[MATERIAL PROVIDED]

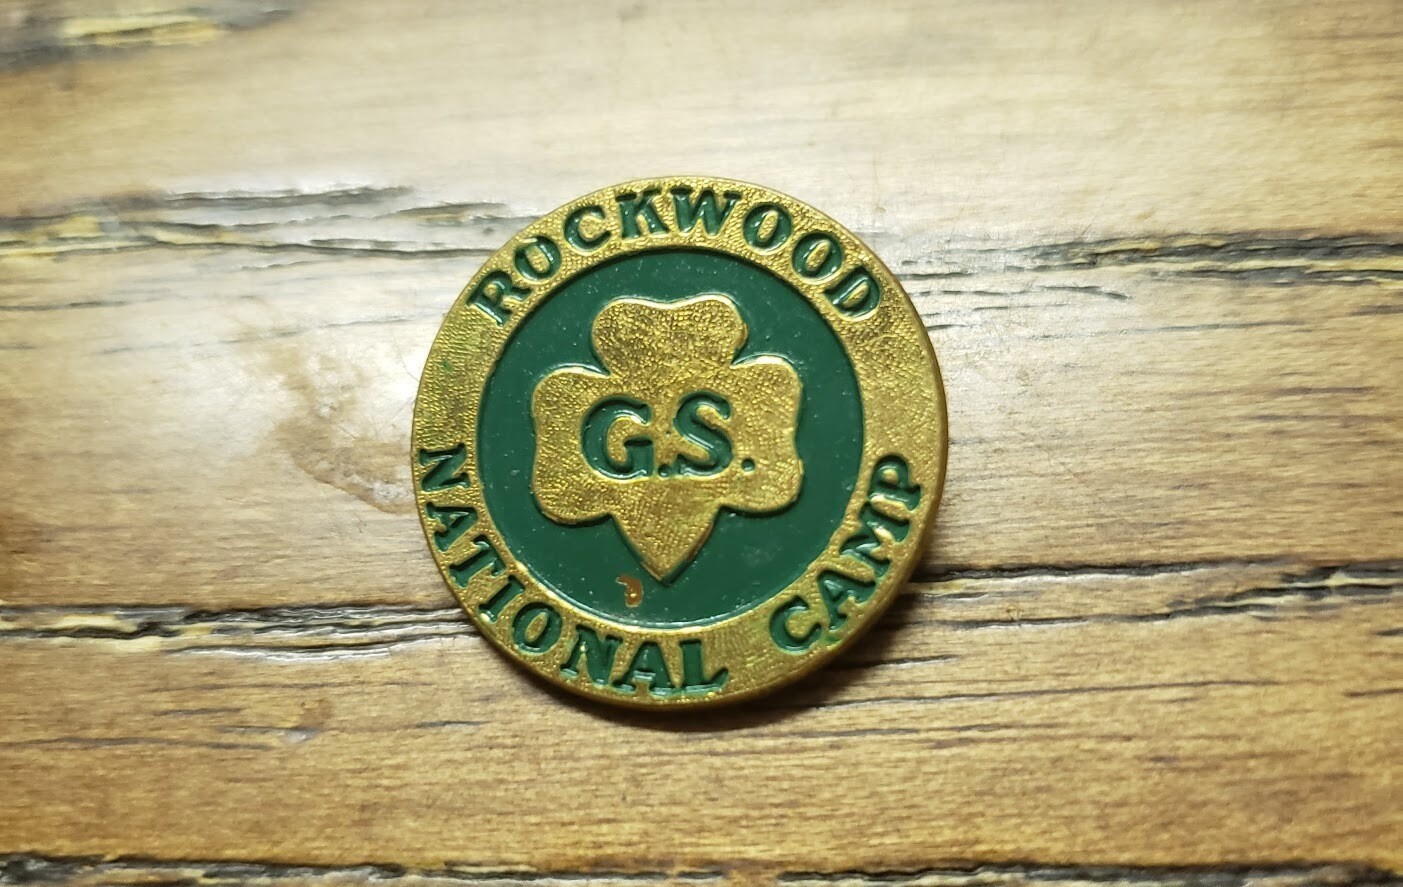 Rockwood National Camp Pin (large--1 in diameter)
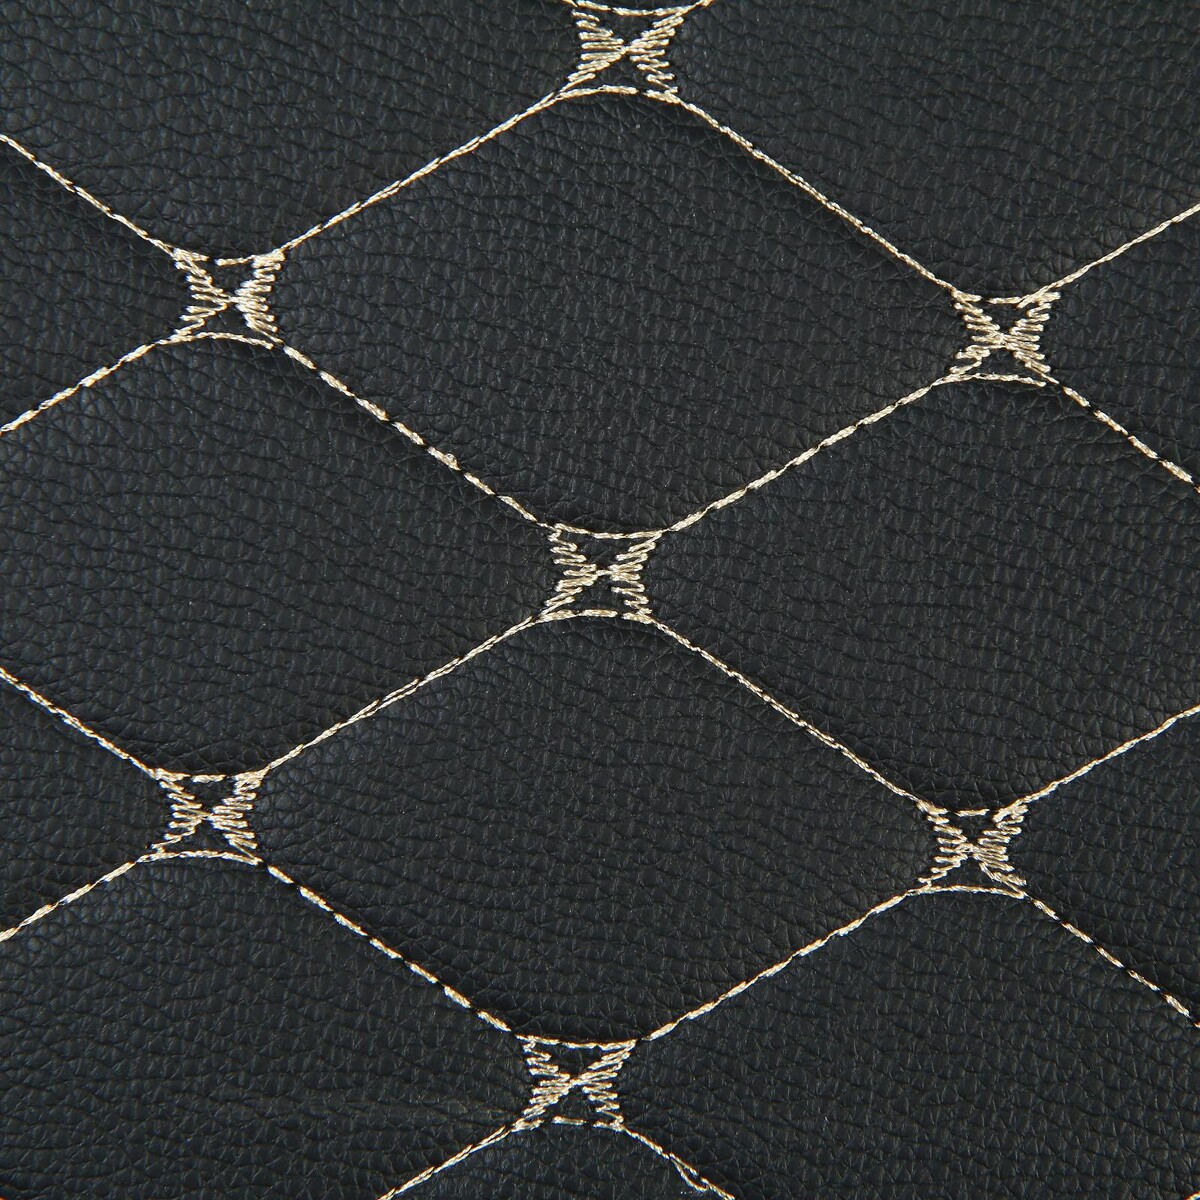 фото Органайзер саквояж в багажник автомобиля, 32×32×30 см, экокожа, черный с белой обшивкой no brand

[/MATERIAL PROVIDED]
[MATERIAL PROVIDED]

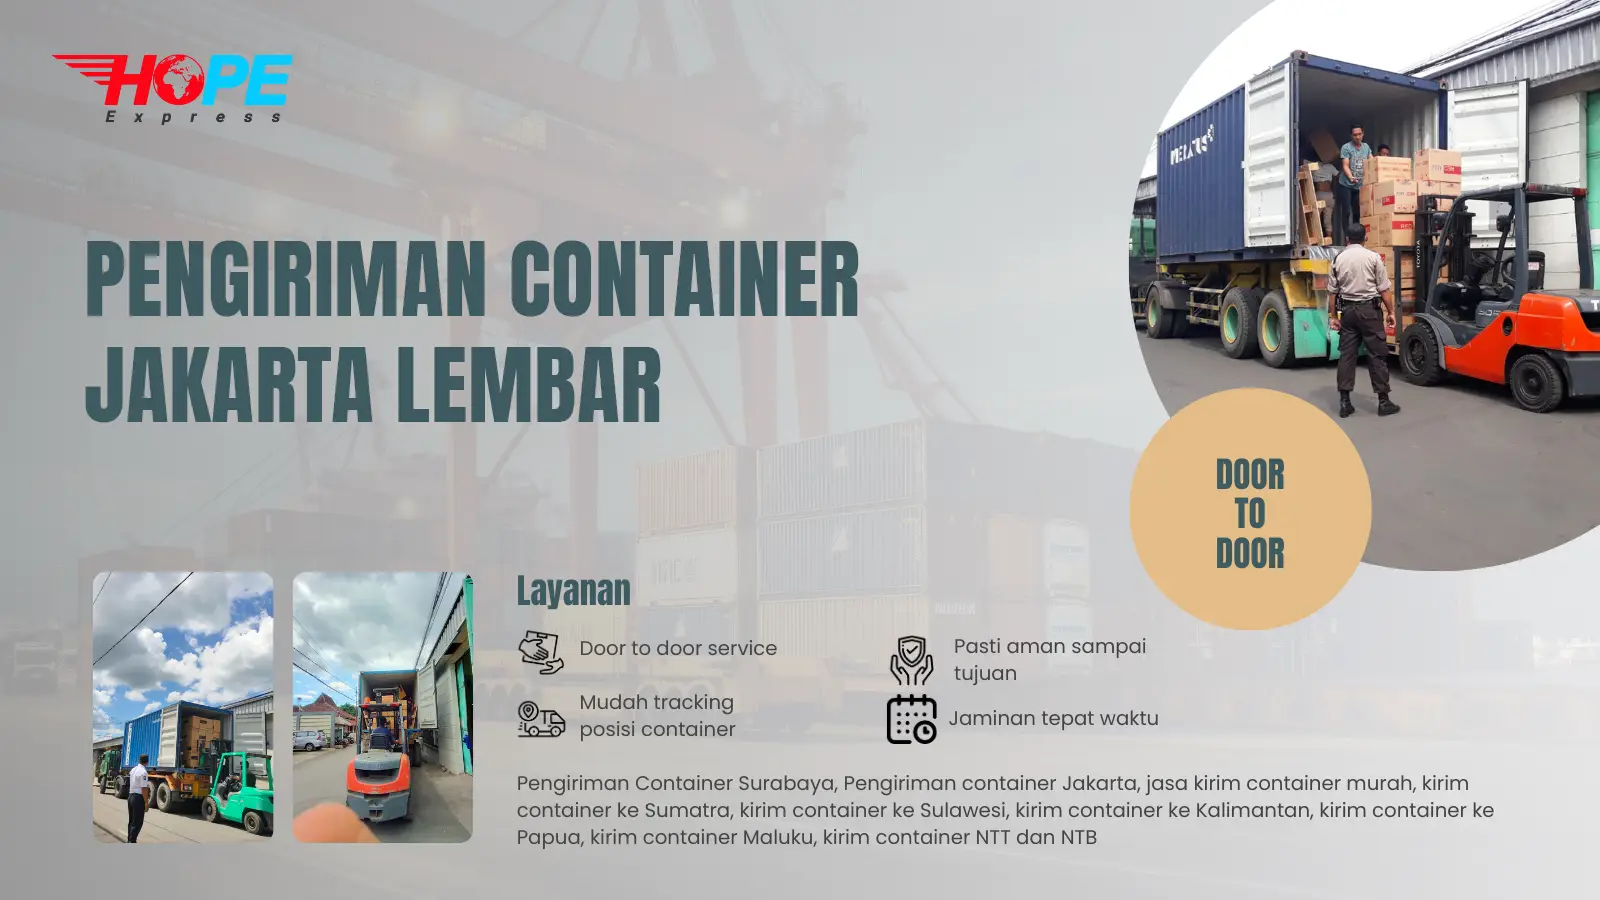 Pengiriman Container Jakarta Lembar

[/MATERIAL PROVIDED]

### WHAT YOU NEED TO DO
Transcribe, exactly and without pictures, everything in the data from the line with "Rockwood National Camp" down to the line with "фото Органайзер саквояж", both included.

### SOLUTION
 Rockwood National Camp Pin (large--1 in diameter)
 фото Органайзер саквояж в багажник автомобиля, 32×32×30 см, экокожа, черный с белой обшивкой no brand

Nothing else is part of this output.